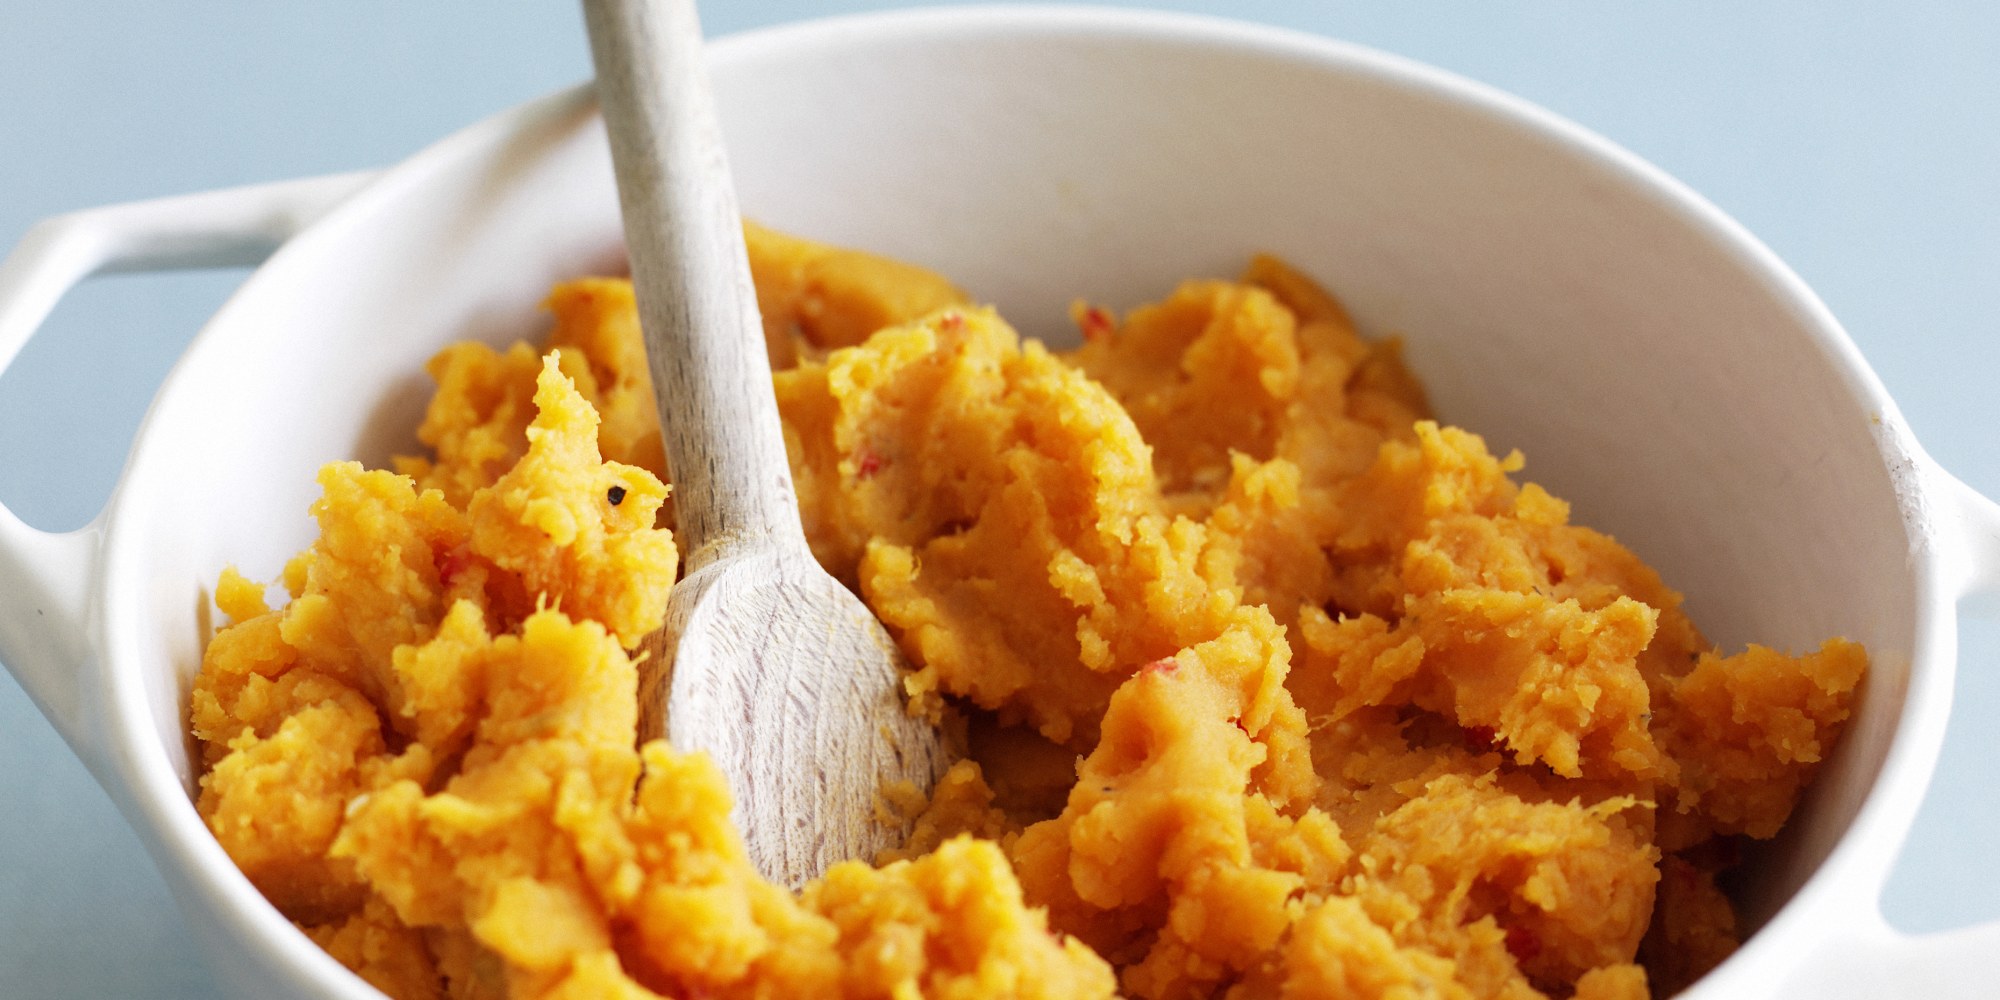 Classic Mashed Sweet Potatoes Recipe with Cinnamon and Nutmeg
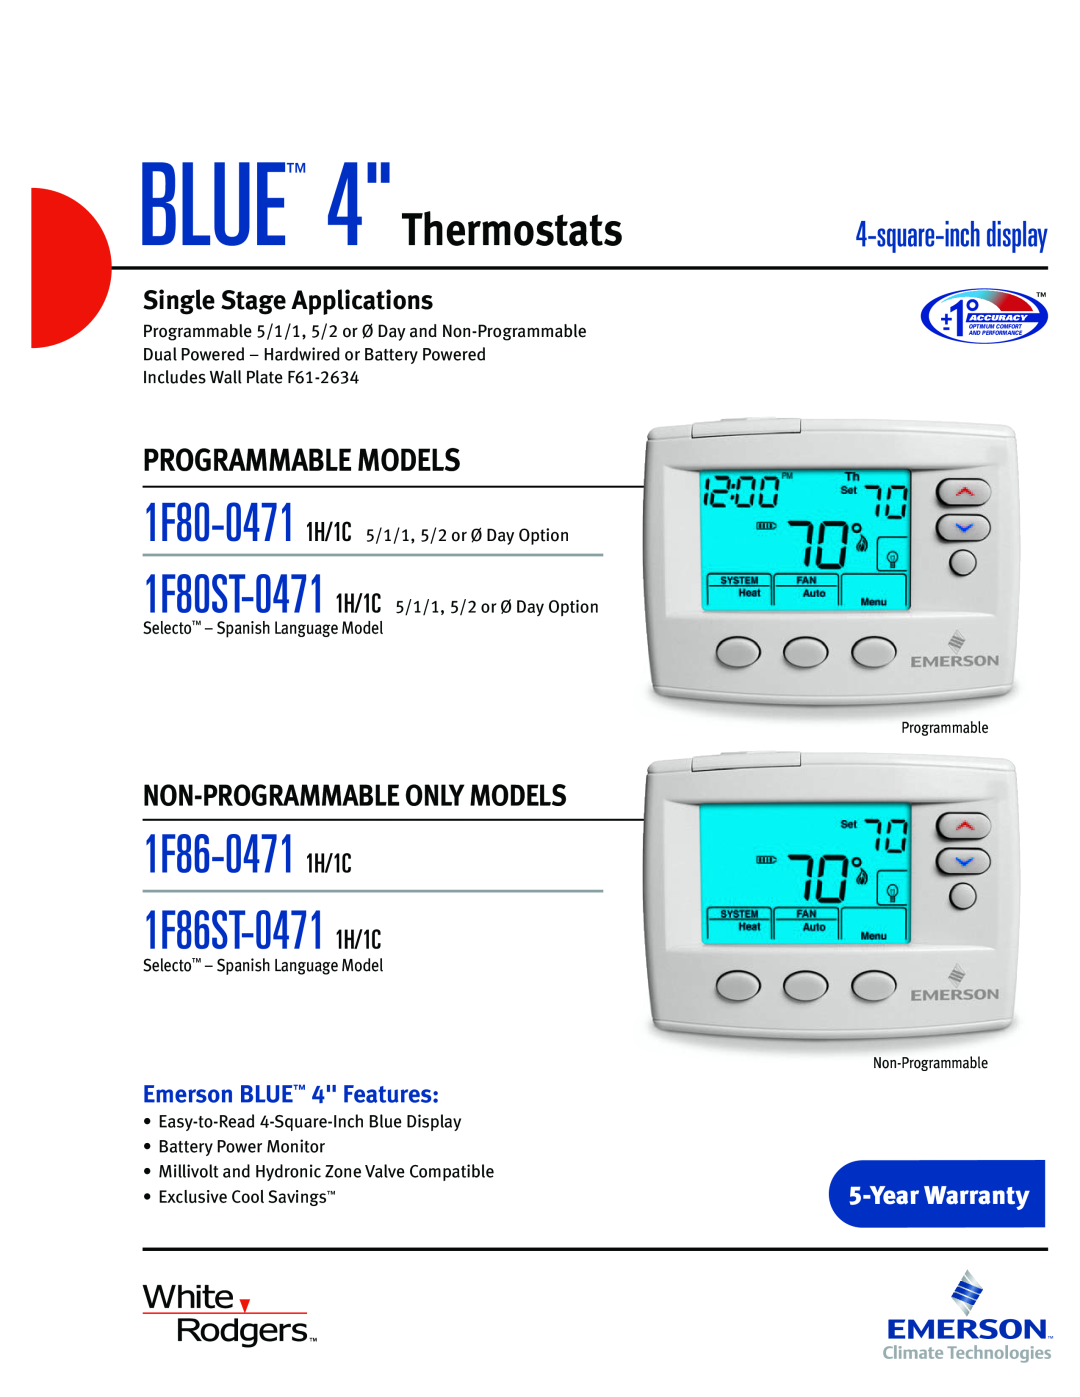 Emerson warranty 1F86-0471 1H/1C 1F86ST-0471 1H/1C, BLUE 4 Thermostats, Programmable Models, Single Stage Applications 
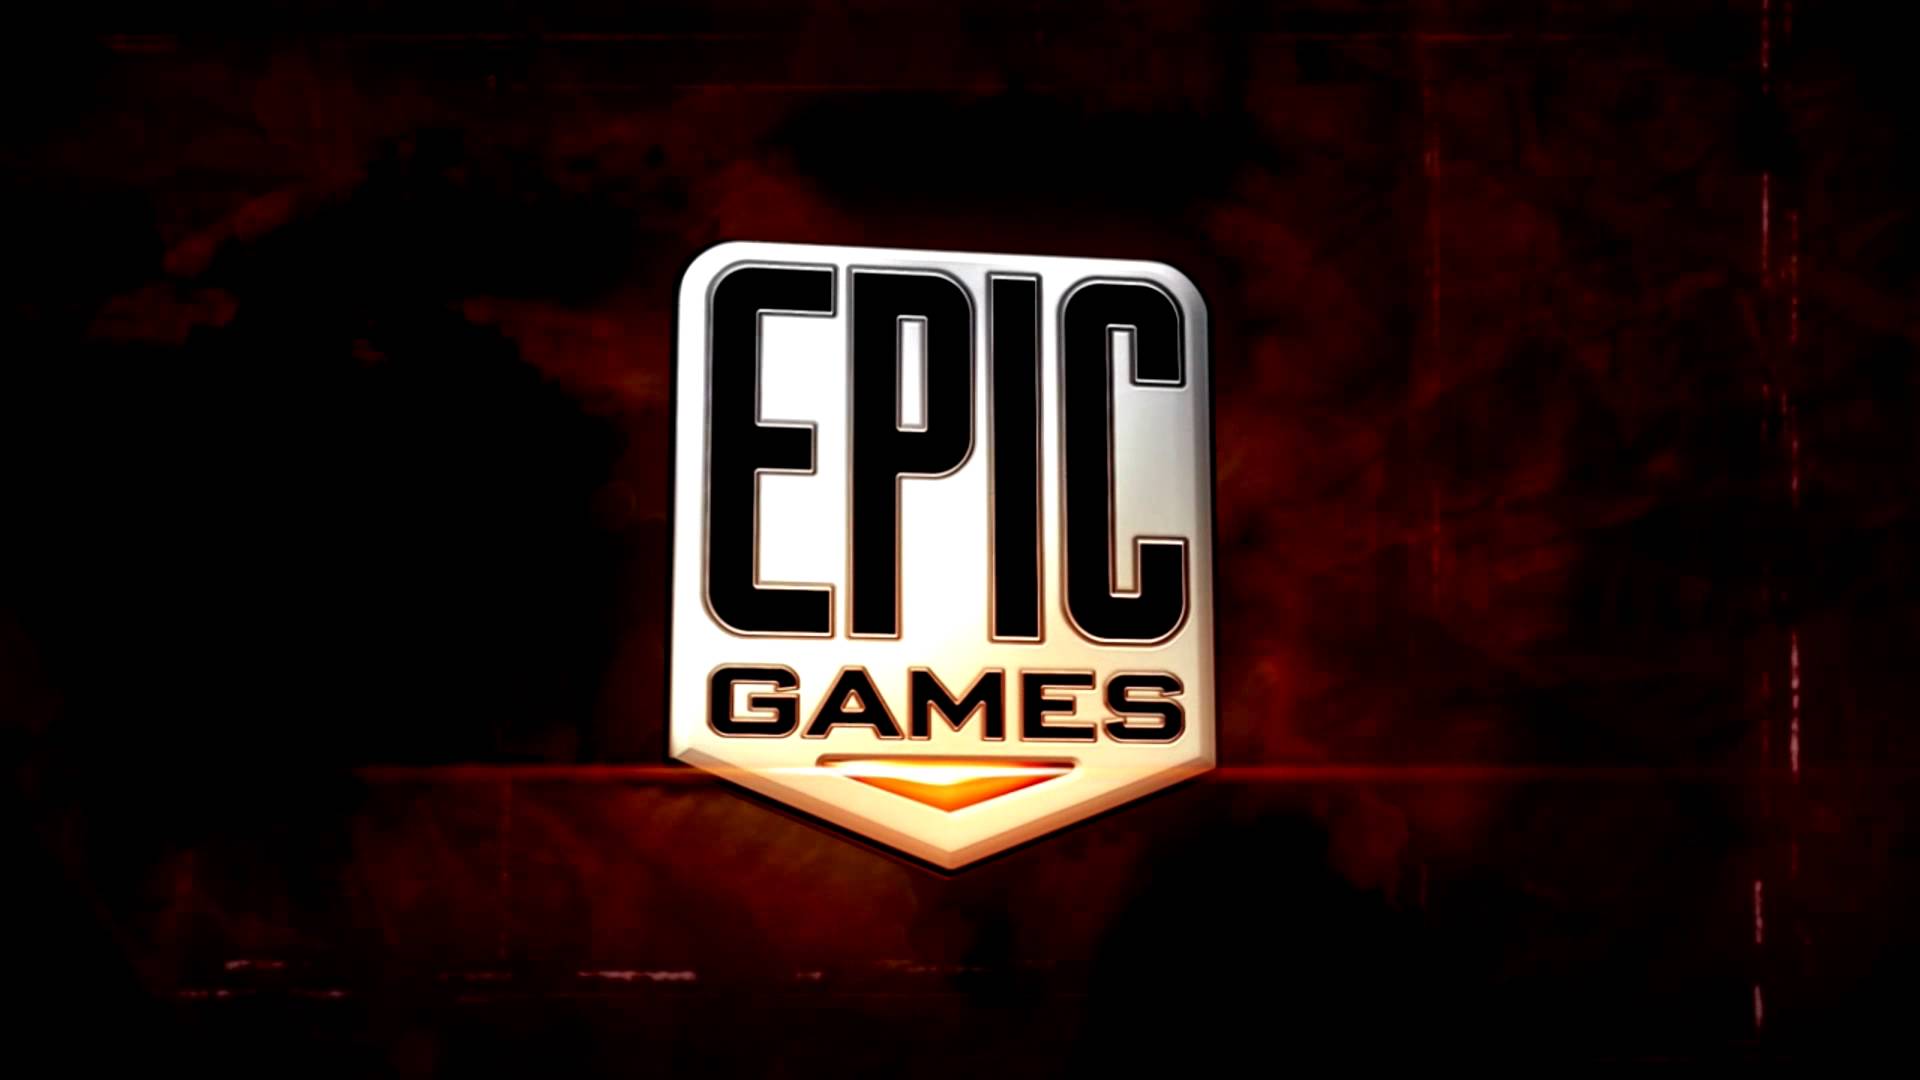 fortinite epic games download

#### Instructions for the task
The line containing "Emerson warranty 1F86-0471" and every line after it, through the end of the material above, are to be printed exactly; no pictures belong in the output.

#### Reply to the task
 Emerson warranty 1F86-0471 1H/1C 1F86ST-0471 1H/1C, BLUE 4 Thermostats, Programmable Models, Single Stage Applications 
 fortinite epic games download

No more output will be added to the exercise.